Migraine and cancer appear to occupy disparate clinical arenas—one an episodic neurovascular pain syndrome, the other a relentless proliferative disorder—yet both are deeply rooted in dysregulated inflammatory signalling. Melatonin, an indoleamine chiefly synthesized in the pineal gland but also produced locally in immune and vascular tissues, has emerged as a potent endogenous brake on such inflammation. Beyond synchronizing circadian rhythms, melatonin dampens nuclear-factor-κB and NLRP3-inflammasome activation, scavenges reactive oxygen species, and tunes cytokine profiles toward an anti-inflammatory, interferon-γ–rich milieu (13). These broad immunomodulatory actions nominate the hormone as a molecular hinge linking migraine relief with the enhancement of anticancer immunity.
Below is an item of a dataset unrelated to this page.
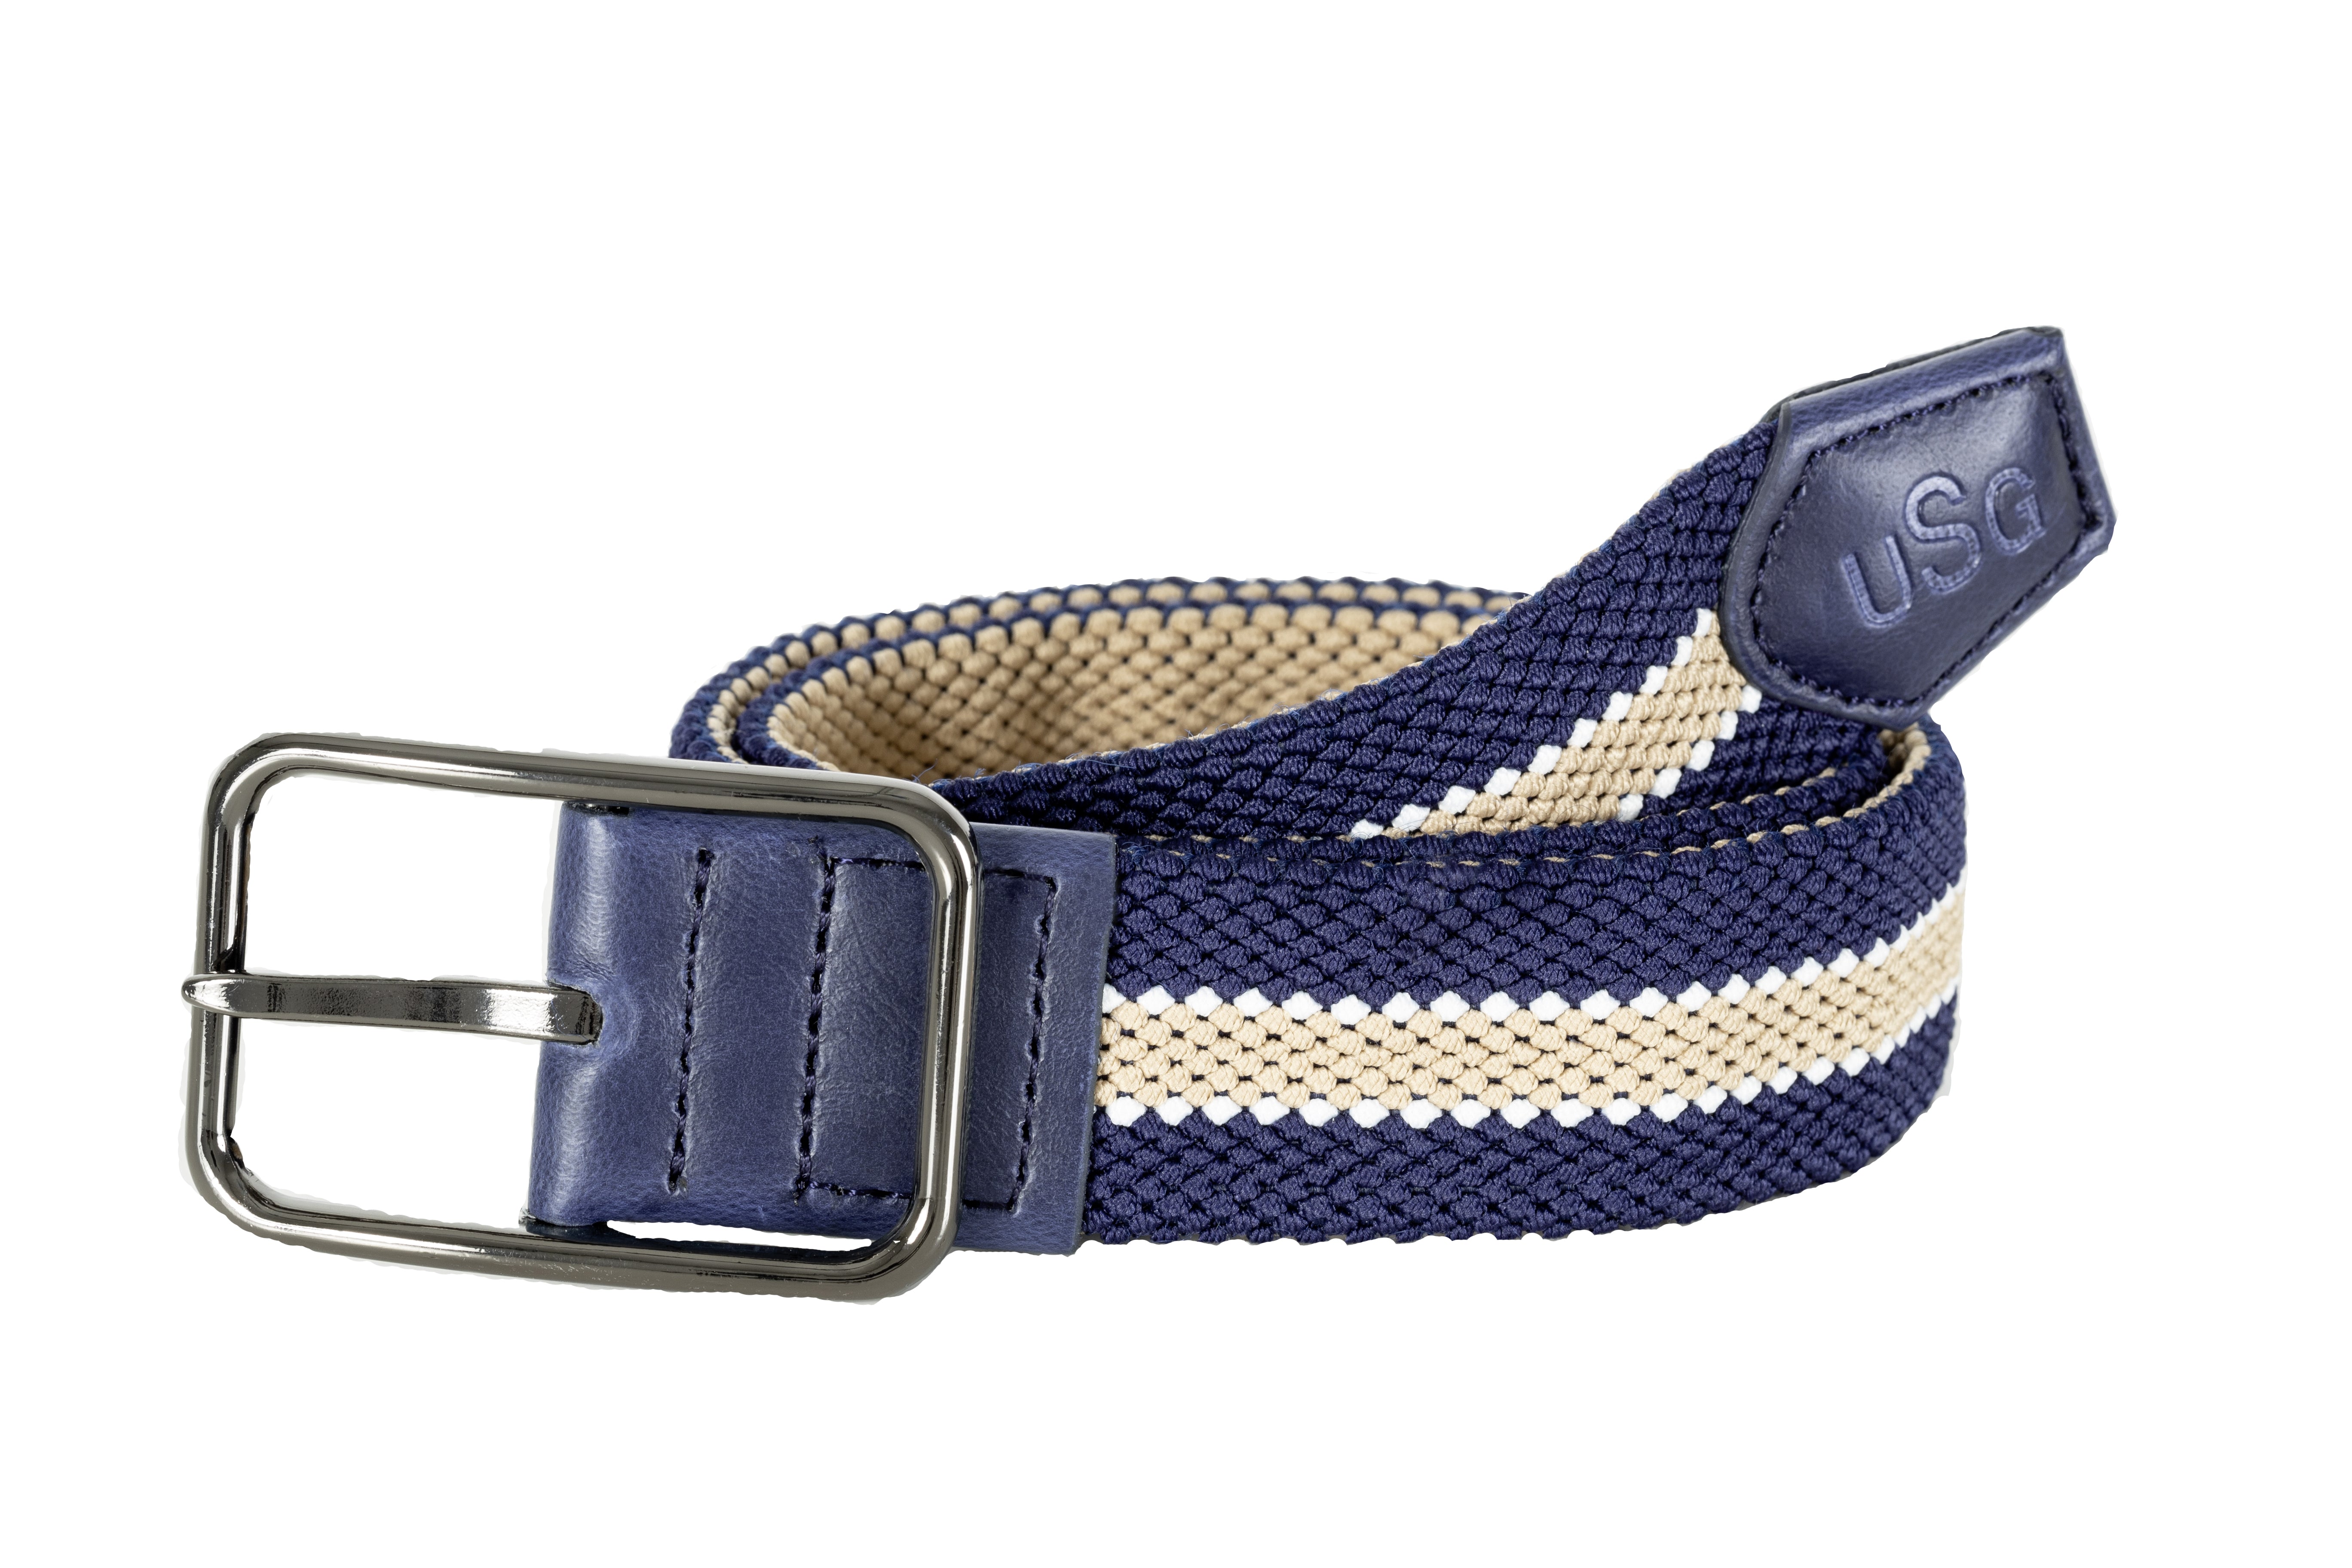 USG Cinto Reversible Elastic Belt

Compelling evidence implicates melatonin deficiency in migraine pathophysiology. Cross-sectional analyses reveal lower nocturnal and salivary melatonin levels in episodic and chronic migraineurs compared with matched controls, correlating inversely with attack frequency (4). Small-to-moderate randomized trials have shown that nightly melatonin (2–5 mg) rivals amitriptyline or topiramate in reducing monthly headache days, while conferring superior tolerability and sleep restoration (5, 6). Mechanistic work in trigeminovascular models demonstrates that melatonin, via MT2 receptors expressed on dural vessels and trigeminal ganglion neurons, suppresses calcitonin gene-related peptide (CGRP) release, stabilizes mast-cell degranulation, and curtails neurogenic plasma extravasation—hallmark events in migraine initiation (7, 8). Collectively, these findings position melatonin not as a mere chronobiotic but as an active anti-inflammatory neuromodulator within the migraine circuit.

An equally expansive literature now documents melatonin’s capacity to re-shape the tumour micro-environment. In pre-clinical glioma, melanoma, and colorectal cancer models, exogenous melatonin re-polarizes tumour-associated macrophages toward an M1 phenotype, boosts cytotoxic granzyme-B production by CD8+ T cells, and down-regulates programmed-death ligand-1 (PD-L1) on malignant and myeloid cells, thereby amplifying responses to anti-PD-1 therapy (911). Parallel studies in human breast and hepatocellular carcinoma show that melatonin inhibits hypoxia-inducible factor-1α, vascular endothelial growth factor, and matrix metalloproteinase-9, signalling axes that also participate in trigeminovascular sensitization (12, 13). These convergent targets suggest that the hormone’s anti-inflammatory portfolio extends seamlessly from neuronal to oncologic contexts.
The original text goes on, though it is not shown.